Of course, the most attractive aspect of the PPP is that these loans are forgivable, provided certain stipulations are met. The amount eligible for forgiveness (up to the total amount of the loan) is equal to the amount used for payroll costs, mortgage interest, rent, or utilities spent over the eight weeks after receiving the loan amount. Additionally, at least 75 percent of the loan must be spent on payroll and payroll costs (including salary, wages, commissions, and benefits). There are also a few other important provisions that can affect the amount by which your loan is forgiven.

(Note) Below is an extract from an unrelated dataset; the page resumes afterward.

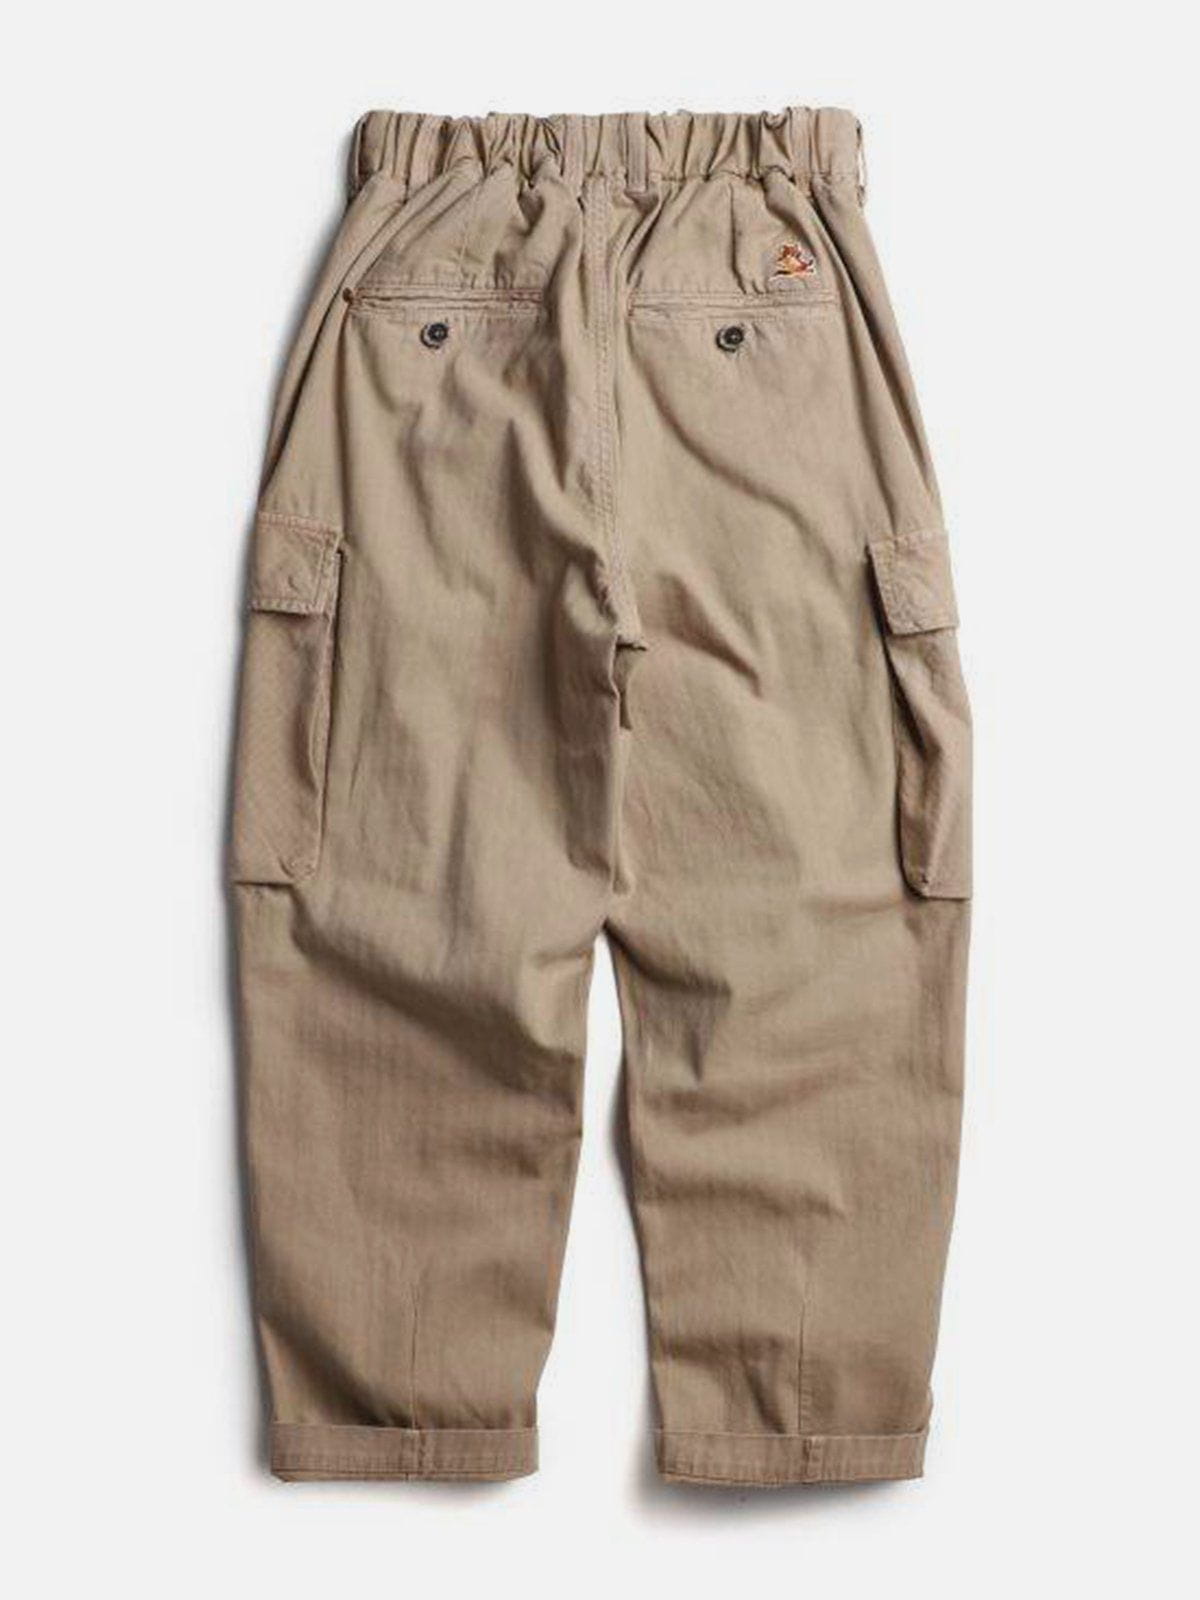 Sneakerland® - Multi-Pocket Cargo Pants

  • Number of Staff. The amount of your loan forgiveness will be reduced if you decrease your full-time employee headcount.
  • Level of Payroll. Your loan forgives will also be reduced if you decrease salaries and/or wages by more than 25 percent for any employee making less than $100,000 annually (based on 2019 numbers).
  • Rehiring. You have until June 30, 2020 to restore your full-time employment and salary levels for any changes made between Feb. 15, 2020 and April 26, 2020.

How do I apply?

If you would like to participate in the program, you can apply for a loan through any existing SBA lender or any federally-insured depository institution or credit union. This means you can likely apply through your business’ existing lending institution. To apply, you will need to complete and turn in the PPP loan application as well as provide your lender with supporting payroll documentation. We have included a PDF version of the application for your convenience. The program is open until June 30, 2020, however, we recommend you apply as soon as possible due to high levels of participation in the program.*


Paycheck Protection Program Loan Application



Will participating in the Paycheck Protection Program require any disclosures?

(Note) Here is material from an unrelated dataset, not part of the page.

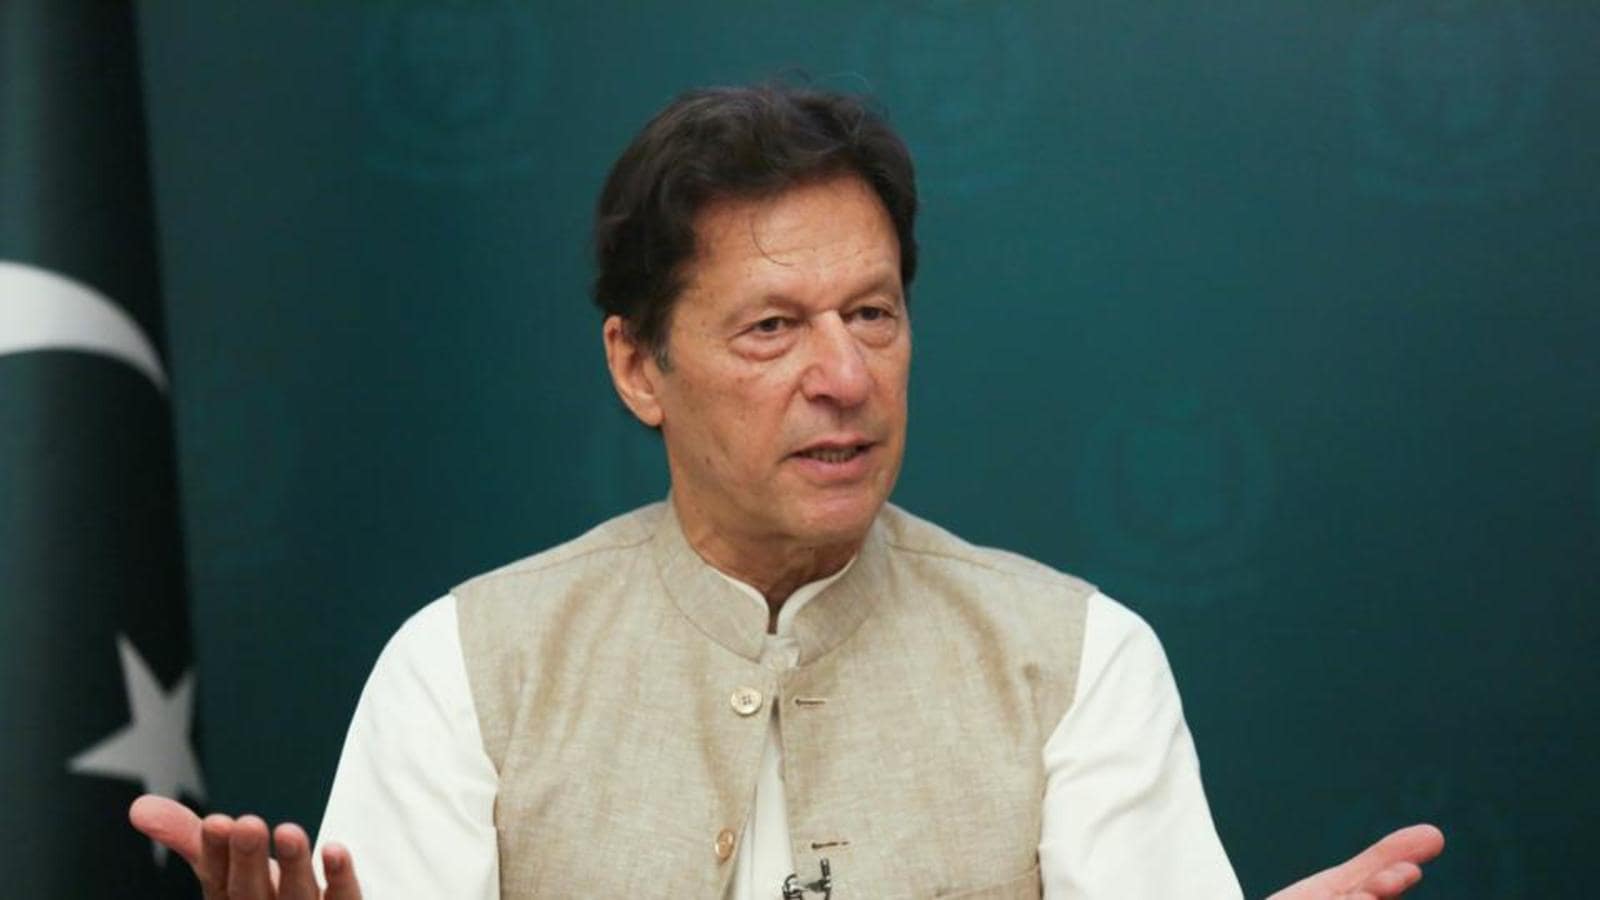 Pegasus list: Pakistan seeks UN probe into reports of PM Imran Khan’s name | Latest News India

Many investment advisers are wondering whether taking out a loan through the program will require any disclosures on their firm’s Form ADV or their investment adviser representatives’ Form U-4s. The short answer is no, but we’d like to provide you with a quick walkthrough to explain why.


Form ADV
The disclosures required in Part 1A of Form ADV do not concern any financial information. Item 11 Disclosure Information asks only about the disciplinary history of your firm and its advisory affiliates regarding criminal matters and investment-related regulatory and civil matters. Similarly, a PPP loan will not require any disclosure in Part 2A. However, there is an additional element of Part 2A all firms should keep in mind, regardless of whether they decide to take out a PPP loan. Item 18 requires an investment adviser to disclose “any financial condition that is reasonably likely to impair the firm’s ability to meet contractual commitments to clients” if “you have discretionary authority or custody of client funds or securities, or you require or solicit prepayment of more than $1,200 in fees per client, six months or more in advance.” We encourage our clients to be cognizant of this disclosure requirement due to the reduction in fees associated with the widespread market depreciation we are experiencing.


U-4s
The disclosure requirement in question here is item 14K, which asks whether, in the past ten years, you have (1) “made any compromise with creditors” or (2) “based on events that occurred while you exercised control over it, has an organization made a compromise with creditors.” This language initially led to some confusion as to whether the loan forgiveness aspect of the PPP would trigger a disclosure requirement. As noted above, the answer is no. This is because the original terms of the PPP loan contemplate forgiveness, either in part or its entirety. Thus, there has been no compromise, which requires some level of new agreement after the original terms of the loan were signed with the creditor agreeing to a reduction in the principal amount owed. Indeed, FINRA has recently confirmed this in their FAQ Section related to regulatory relief related to the coronavirus.


If you have any further questions regarding the Paycheck Protection Program, please contact us. Stay safe and healthy!


*As of the publishing of this article, SBA funds for the Paycheck Protection Program have been exhausted. However, an additional round of funding is expected.